One of those calls, came June 3 from a woman who said a “truck that looked like a bulk milk truck” was “spraying liquid manure” for more than 11 hours near her home. Burkhart hurried to the scene, smelled a “horrible stench” and videotaped the truck in the field for documentation.

Burkhart said the caller’s five children had to leave the home because of the smell.


Disagreeing degrees

Although Burkhart lives a half-mile from a Dutch dairy, supporters reject claims that farm odors keep people indoors.

The brothers at Homier and Sons, also located near a Dutch dairy and in the path of whatever wind-borne stench there may be, feel differently about the degree of odor.

Both men agree that manure does smell, but also agree that spreading it has to be done. They estimate those smells blow uptown six to seven days a year, but urge people to think before they complain.

“You should get a whiff of the smell at the General Motors foundry in Defiance. It’s horrible, definitely worse than any farm. But no one says anything because those are good-paying jobs,” Eric Homier said.

Although Homier acknowledges complaints against the farms come from various people, he maintains that the townsfolk, not the farm families, make the biggest fuss.


‘Money and guts’

Yet farm families have their own complaints, too.

Jealousy isn’t uncommon between people when one gets bigger, more modern equipment. With unknown farmers coming to the area and building brand-new, top-notch facilities, the situation is no different.

“There’s nothing stopping any local guy [from expanding] other than money and guts,” Kevin Homier said.

For local farmers who are opposed, dairy expert Tim Demland points out one factor: The Dutch dairies are ahead of their American counterparts in technology and capital.

“These operations are coming in where most guys should have been already,” said Demland, Putnam County extension association in dairy industry enhancement. He notes most farms in Putnam County have missed two generations of expansion because they lack capital to take on the project.

For them, it’s jealousy and fear of being crowded from the marketplace, he said.

But it shouldn’t be a fear.

Ohio dairymen meet only 95 percent of the state’s production needs, so there’s no real threat for smaller farmers to be afraid of being driven from their livelihood, Demland said.


Regulations

“To get around [regulations], they come in here and squeak by every way they can to get by the rules and regulations. They have it down to a science,” said a Defiance County resident at the August 2000 forum.

Demland disagrees that the Dutch dairymen evade environmental permits by starting up and then hovering around 690 cows.

Livestock operations of all sizes must meet general environmental protection regulations.
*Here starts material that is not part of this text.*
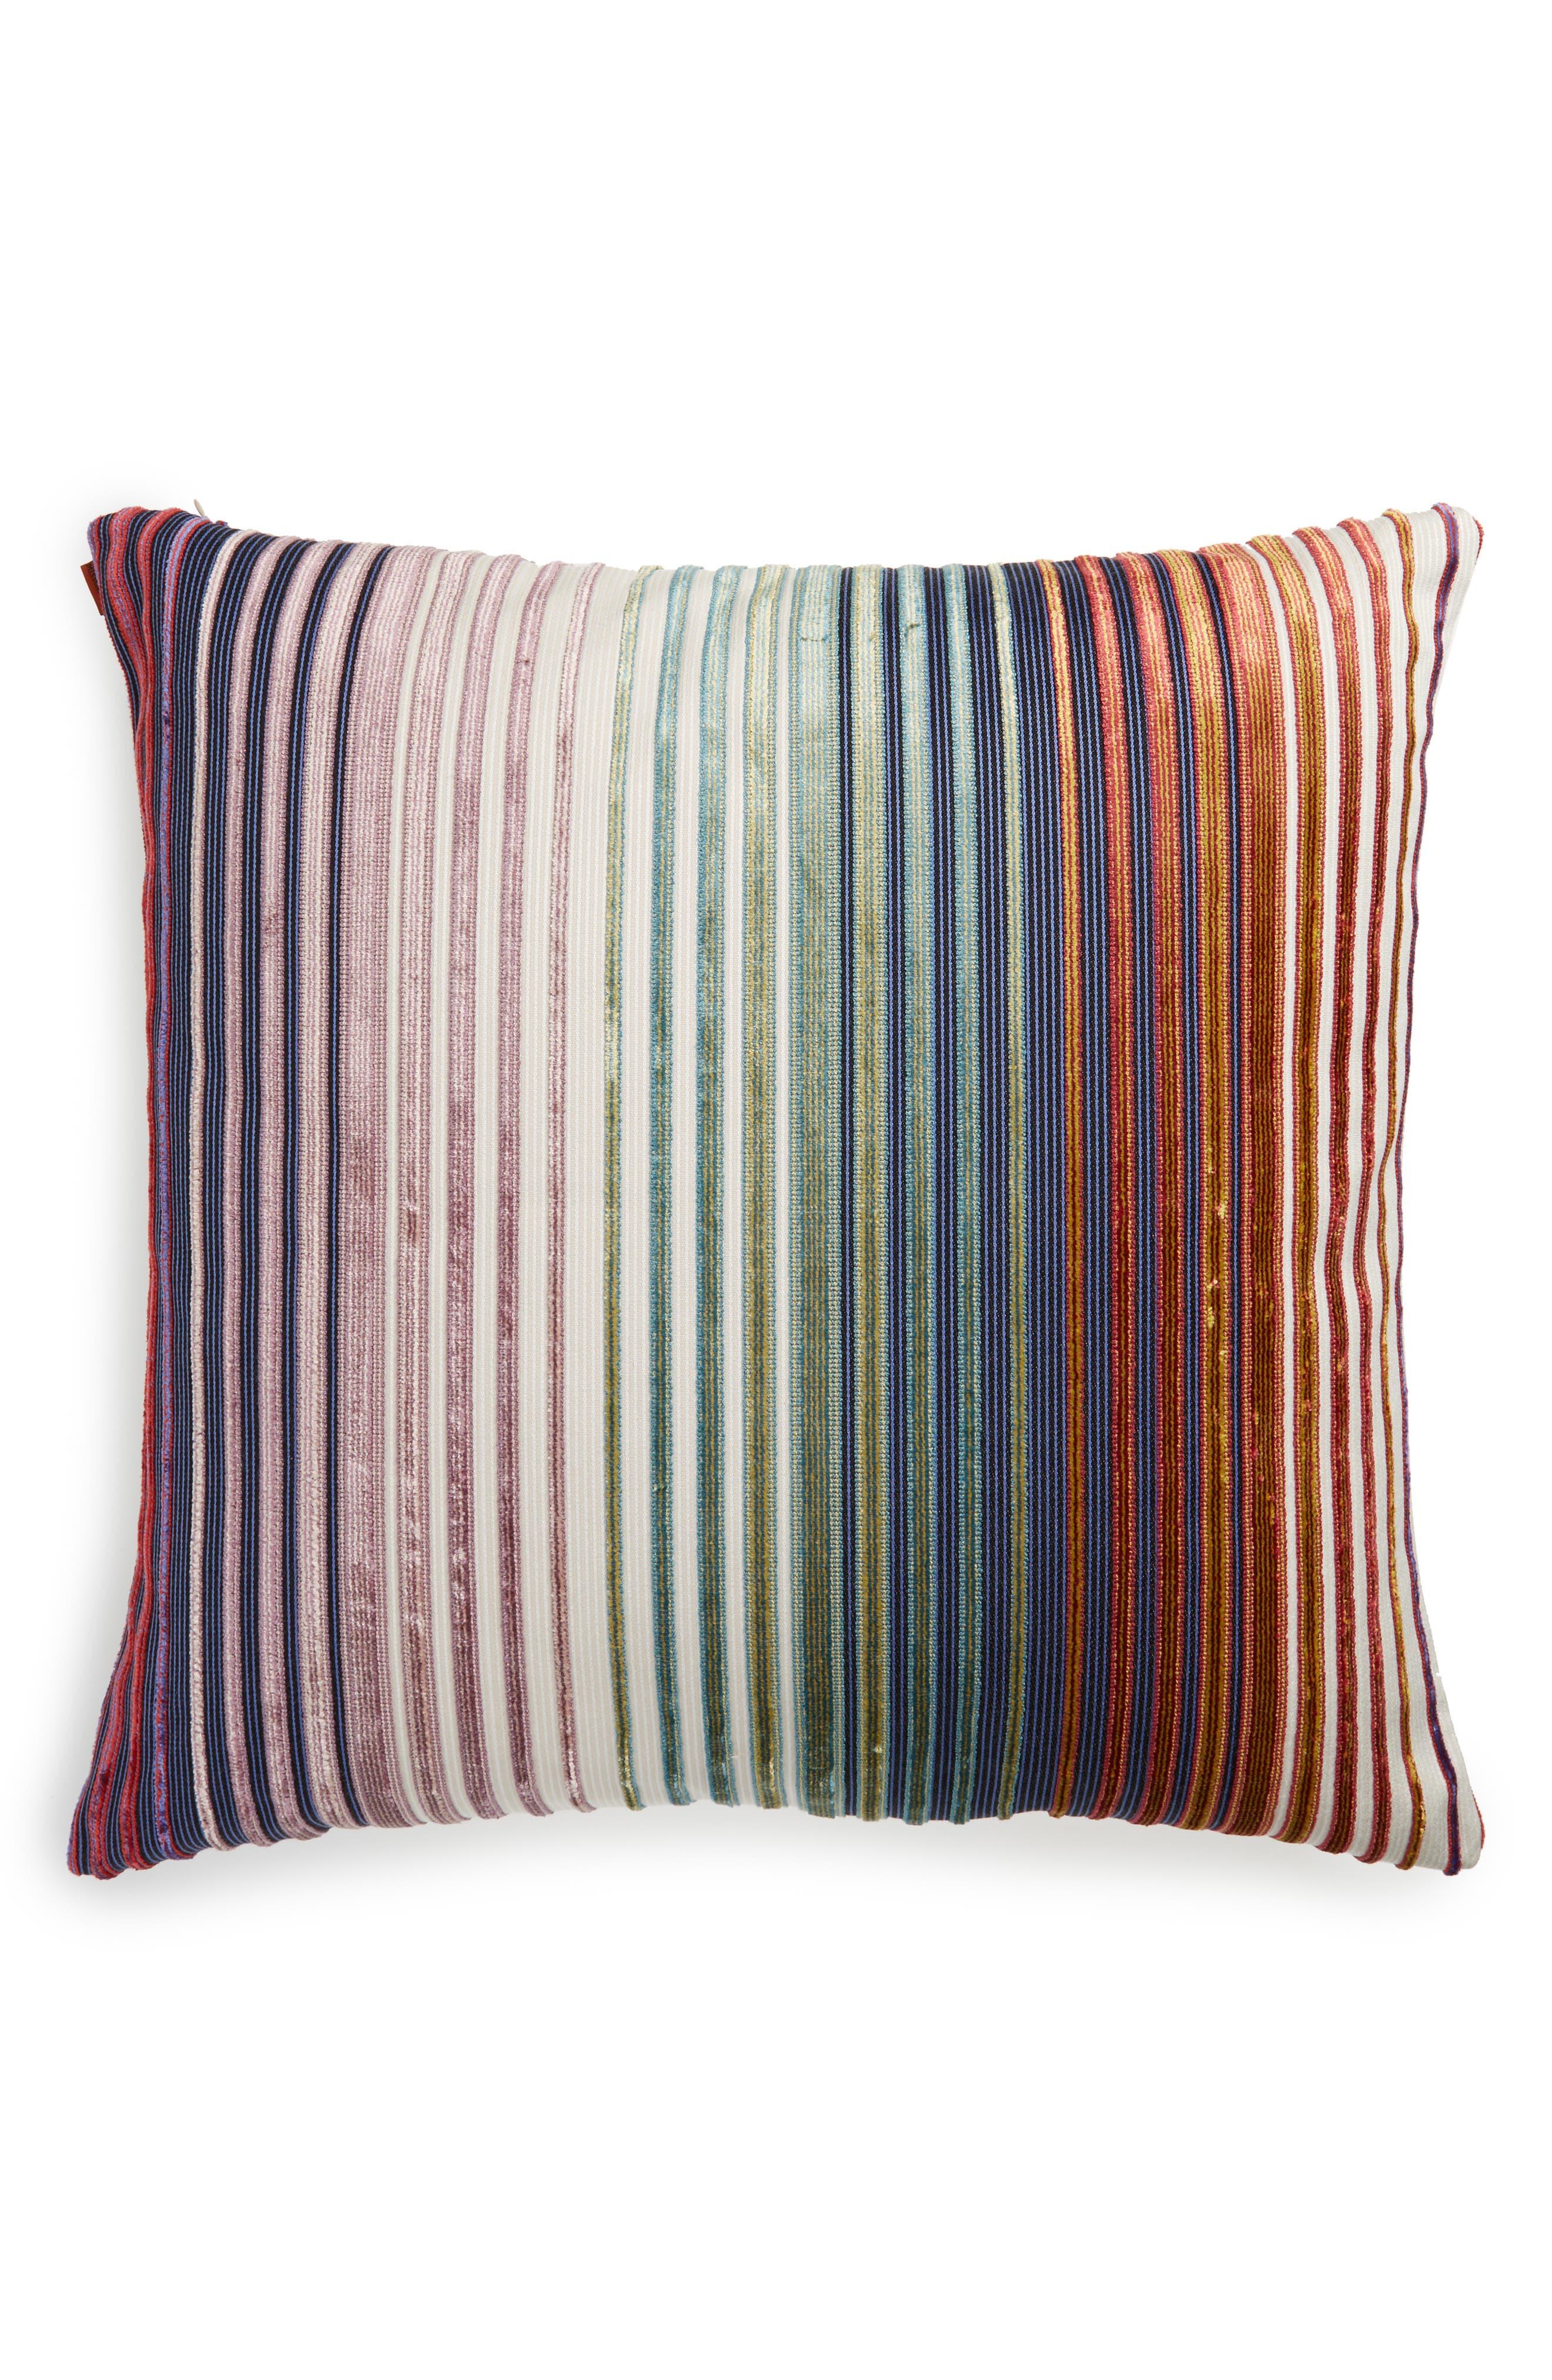 Tunisi Accent Pillow,                         Main,                         color, Multi Color

The Ohio Department of Agriculture regulates large livestock facilities through permitting and operating regulations. To be kept under the state’s watchful eye, a farm must have 1,000 animal units. In this case, 700 dairy cows meets that guideline.
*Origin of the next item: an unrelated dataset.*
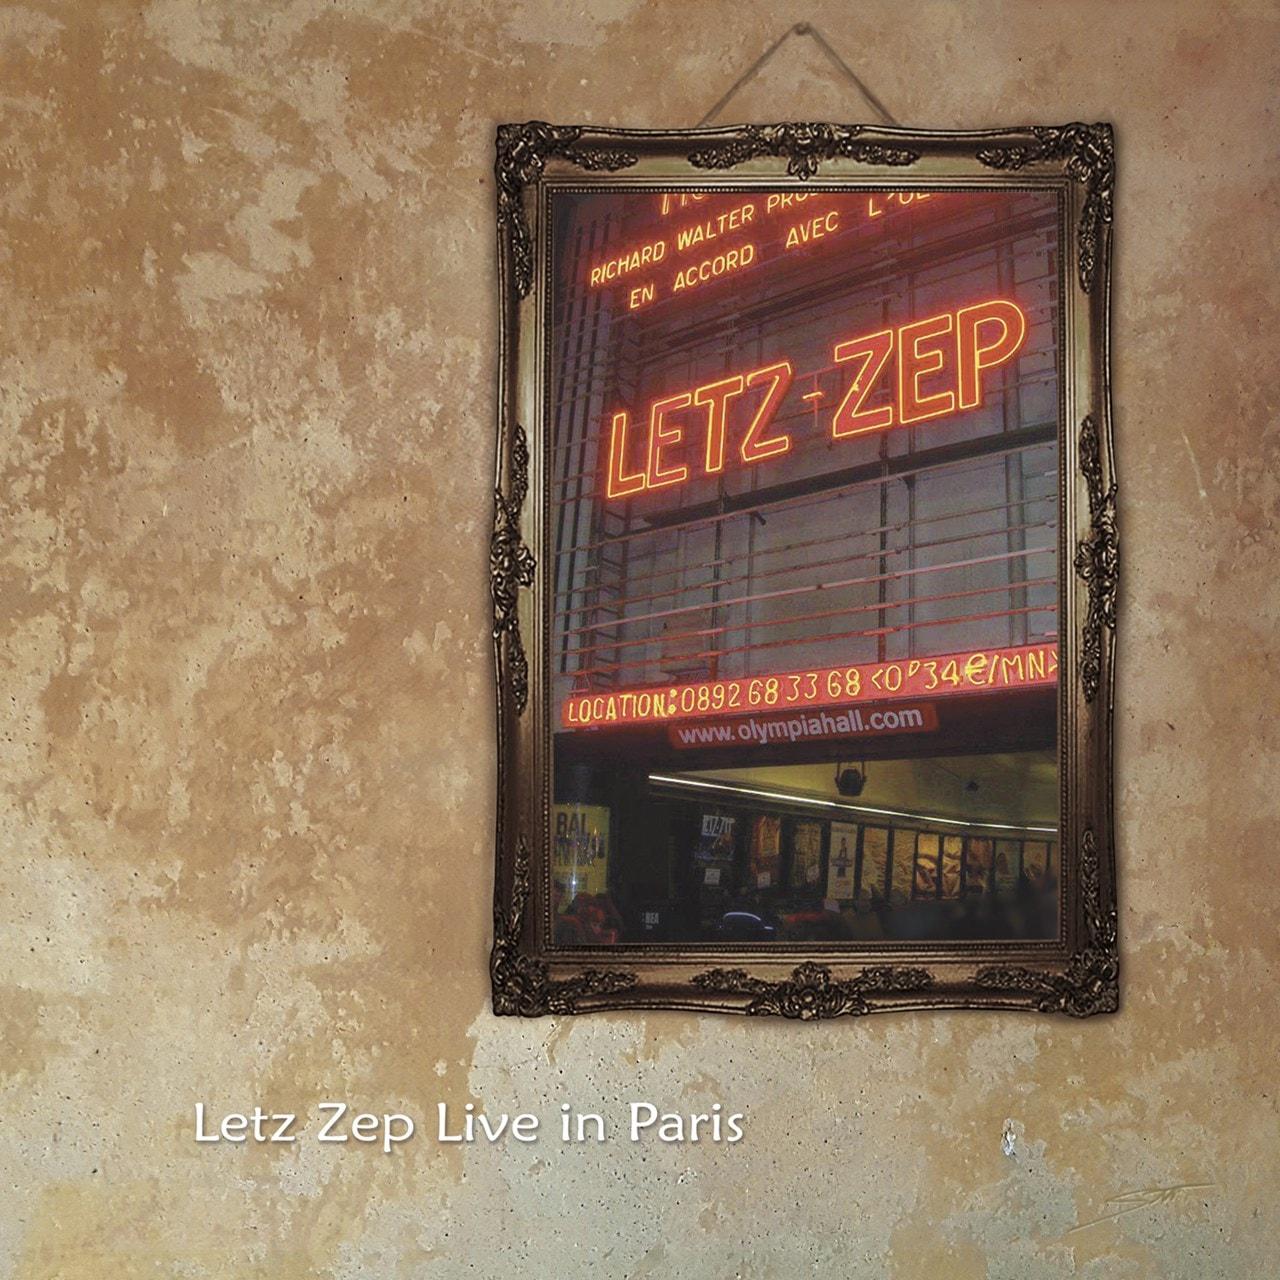 Letz Zep - Live in Paris - 1

U.S. Environmental Protection Agency regulations must also be met.


Making changes

Although Ohio State’s Glen Arnold acknowledges that the Dutch dairymen have every right to be here, the farms need to make some changes.
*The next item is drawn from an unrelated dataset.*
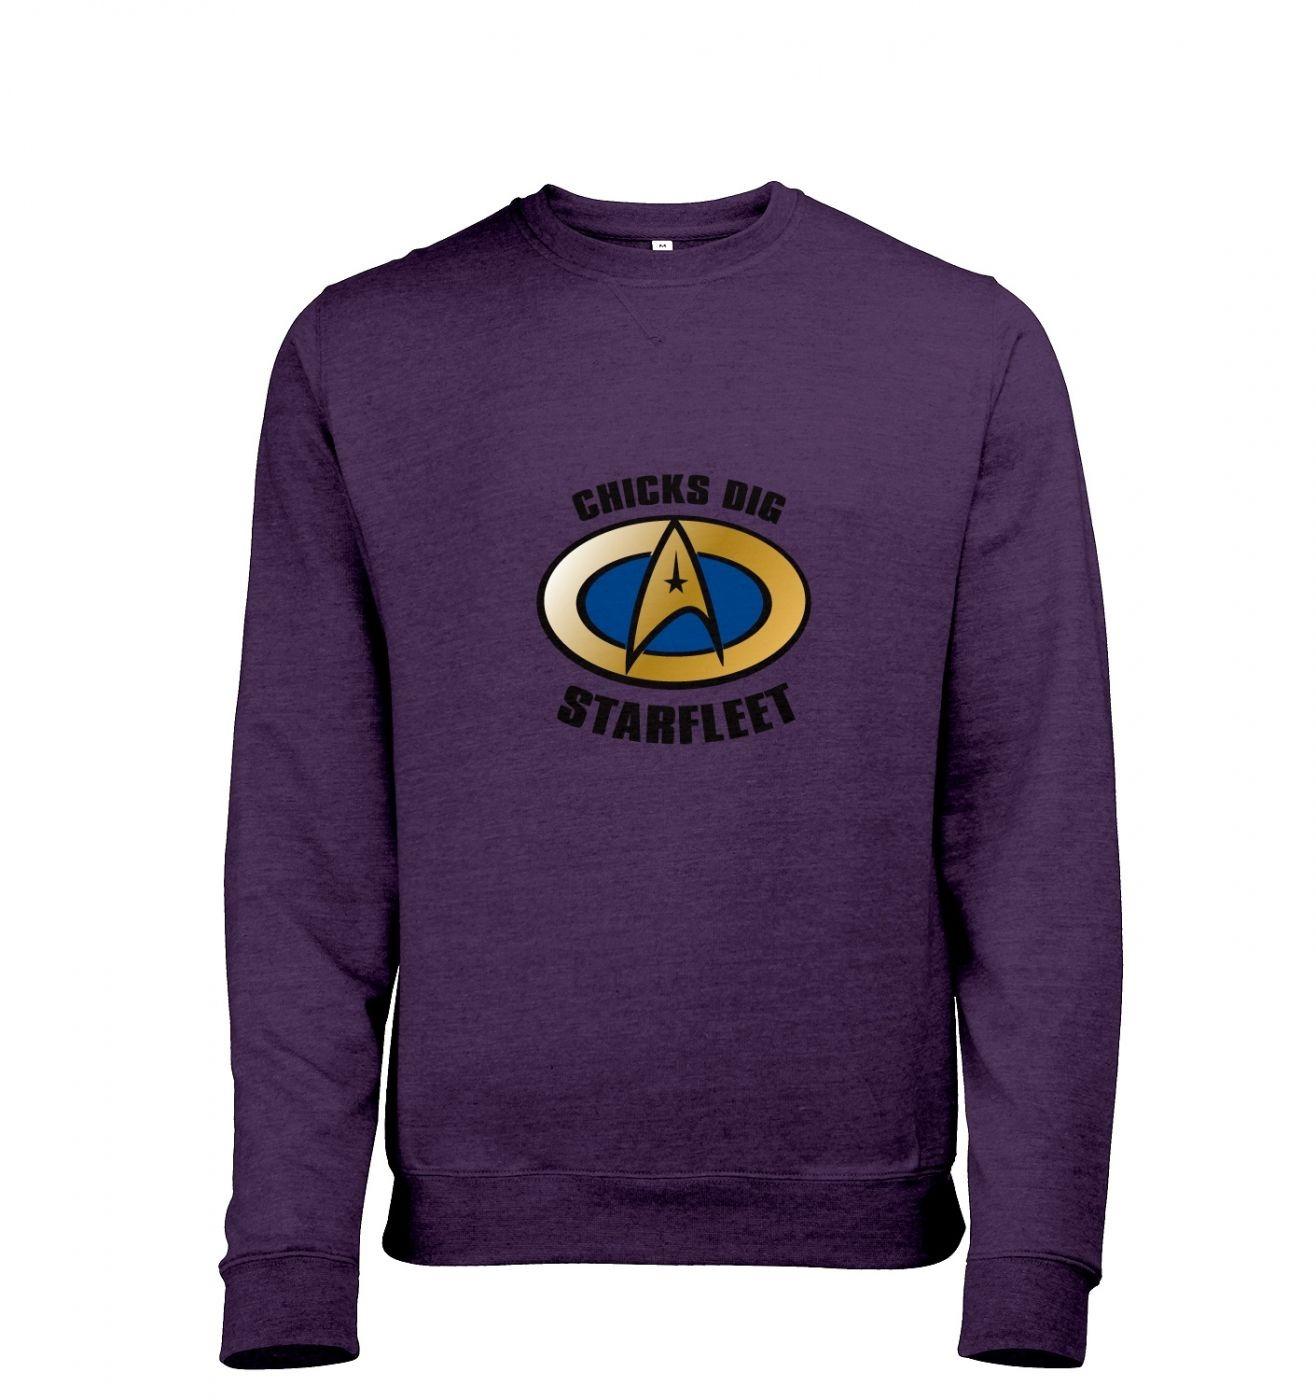 Chicks Dig Starfleet heather sweatshirt

One of Arnold’s top recommendations is improved manure storage to prevent future runoff. Both Putnam County dairies have admitted to manure spills.

Yet, Arnold says their quick cleanups spoke louder than words and showed that even with the fierce resistance, they want the best for their community.

As their extension agent, he also stresses the importance of windbreaks to cut down on odor.

In addition, because of the flat landscape, the dairies are very visible and “people smell with their eyes,” Arnold said.


Here to stay

“These guys are a lot braver than me,” Homier said, stressing that the families immigrate to an unknown land, often leaving behind farming legacies, and attempt to make a go of the dairy lifestyle.

For the Homiers, and many they know, the Dutch dairies are there to stay.

“If they’re going to be here, we want them to be successful,” Arnold said.